Borislav Petkov Jan. 6, 2020, 4:23 p.m. UTC | #8
On Mon, Jan 06, 2020 at 11:20:14AM -0500, 'Aristeu Rozanski' wrote:
> OK, will resubmit this patch just removing the messages then.

I'm not saying you should blindly remove them. They might be useful for
debugging purposes so you should consider that usage angle first. In the
AMD case, the message was really useless.
Aristeu Rozanski Jan. 7, 2020, 3:51 p.m. UTC | #9
On Mon, Jan 06, 2020 at 05:23:06PM +0100, Borislav Petkov wrote:
> I'm not saying you should blindly remove them. They might be useful for
> debugging purposes so you should consider that usage angle first. In the
> AMD case, the message was really useless.
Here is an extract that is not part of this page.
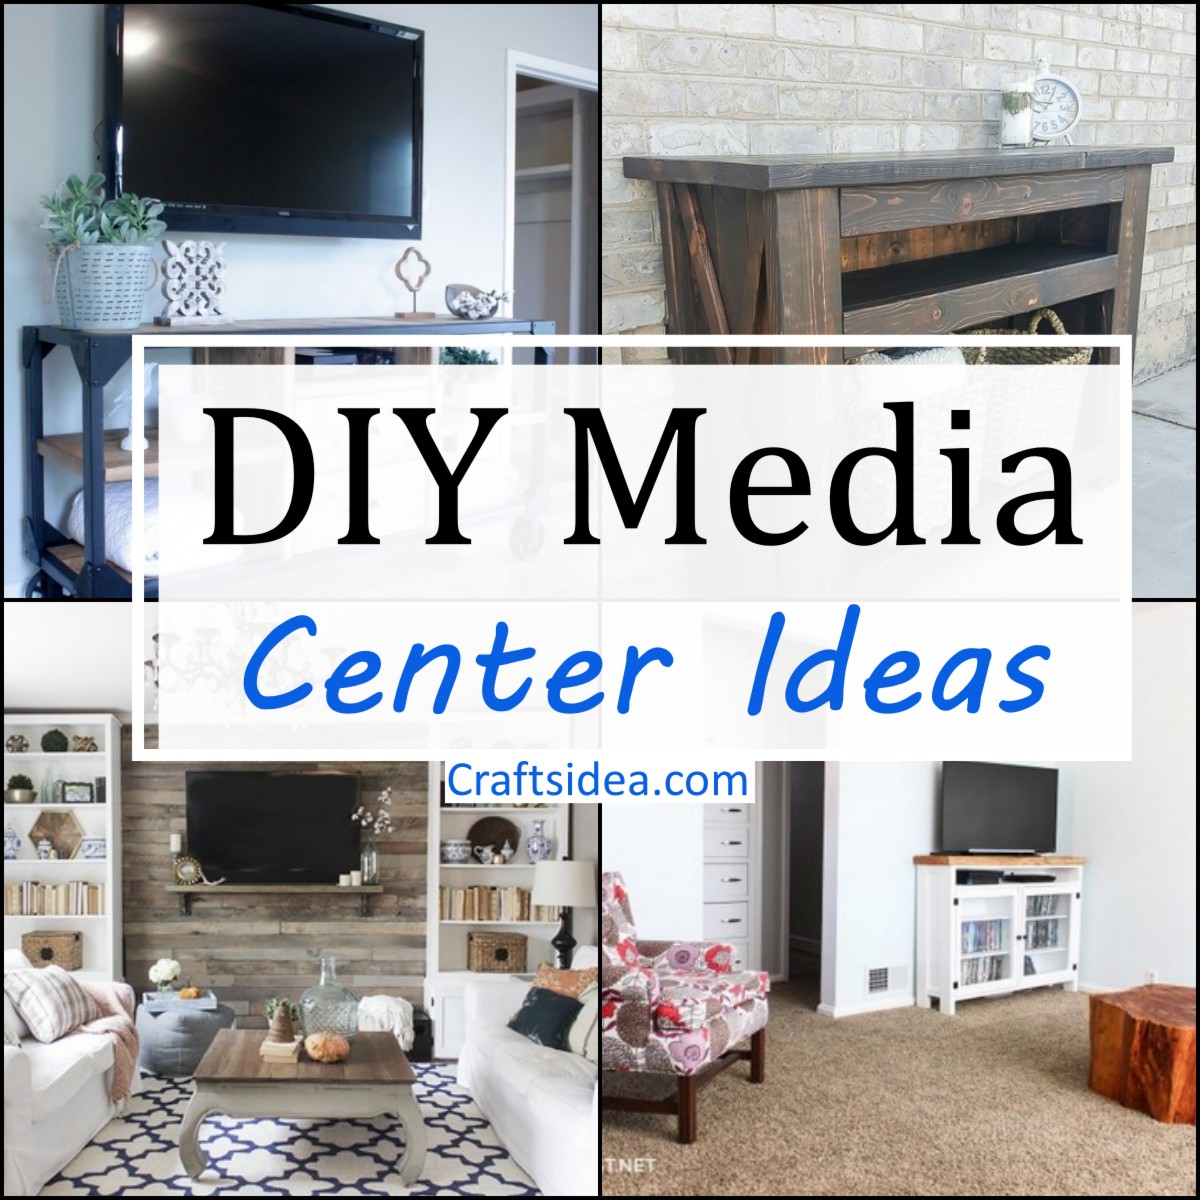 DIY Media Center Ideas

Ah, I thought you had an objection to this patch :)
Do you mind considering it for inclusion?
Borislav Petkov Jan. 7, 2020, 4:45 p.m. UTC | #10
On Tue, Jan 07, 2020 at 10:51:09AM -0500, 'Aristeu Rozanski' wrote:
> On Mon, Jan 06, 2020 at 05:23:06PM +0100, Borislav Petkov wrote:
> > I'm not saying you should blindly remove them. They might be useful for
> > debugging purposes so you should consider that usage angle first. In the
> > AMD case, the message was really useless.
> 
> Ah, I thought you had an objection to this patch :)
> Do you mind considering it for inclusion?

That's Tony's call as he's maintaining the Intel side of EDAC.
Luck, Tony Jan. 7, 2020, 9:43 p.m. UTC | #11
On Tue, Jan 07, 2020 at 05:45:28PM +0100, Borislav Petkov wrote:
> On Tue, Jan 07, 2020 at 10:51:09AM -0500, 'Aristeu Rozanski' wrote:
> > On Mon, Jan 06, 2020 at 05:23:06PM +0100, Borislav Petkov wrote:
> > > I'm not saying you should blindly remove them. They might be useful for
> > > debugging purposes so you should consider that usage angle first. In the
> > > AMD case, the message was really useless.
> > 
> > Ah, I thought you had an objection to this patch :)
> > Do you mind considering it for inclusion?
> 
> That's Tony's call as he's maintaining the Intel side of EDAC.

Already applied to git://git.kernel.org/pub/scm/linux/kernel/git/ras/ras.git
in edac-for-next branch.  Sorry, should have sent you an "Applied" message.

-Tony
Aristeu Rozanski Jan. 8, 2020, 2:54 p.m. UTC | #12
On Tue, Jan 07, 2020 at 01:43:10PM -0800, Luck, Tony wrote:
> Already applied to git://git.kernel.org/pub/scm/linux/kernel/git/ras/ras.git
> in edac-for-next branch.  Sorry, should have sent you an "Applied" message.

Thanks Tony.
diff mbox series

Patch

diff --git a/drivers/edac/skx_common.c b/drivers/edac/skx_common.c
index 95662a4ff4c4..99bbaf629b8d 100644
--- a/drivers/edac/skx_common.c
+++ b/drivers/edac/skx_common.c
@@ -256,7 +256,7 @@  int skx_get_hi_lo(unsigned int did, int off[], u64 *tolm, u64 *tohm)
 
 	pdev = pci_get_device(PCI_VENDOR_ID_INTEL, did, NULL);
 	if (!pdev) {
-		skx_printk(KERN_ERR, "Can't get tolm/tohm\n");
+		edac_dbg(2, "Can't get tolm/tohm\n");
 		return -ENODEV;
 	}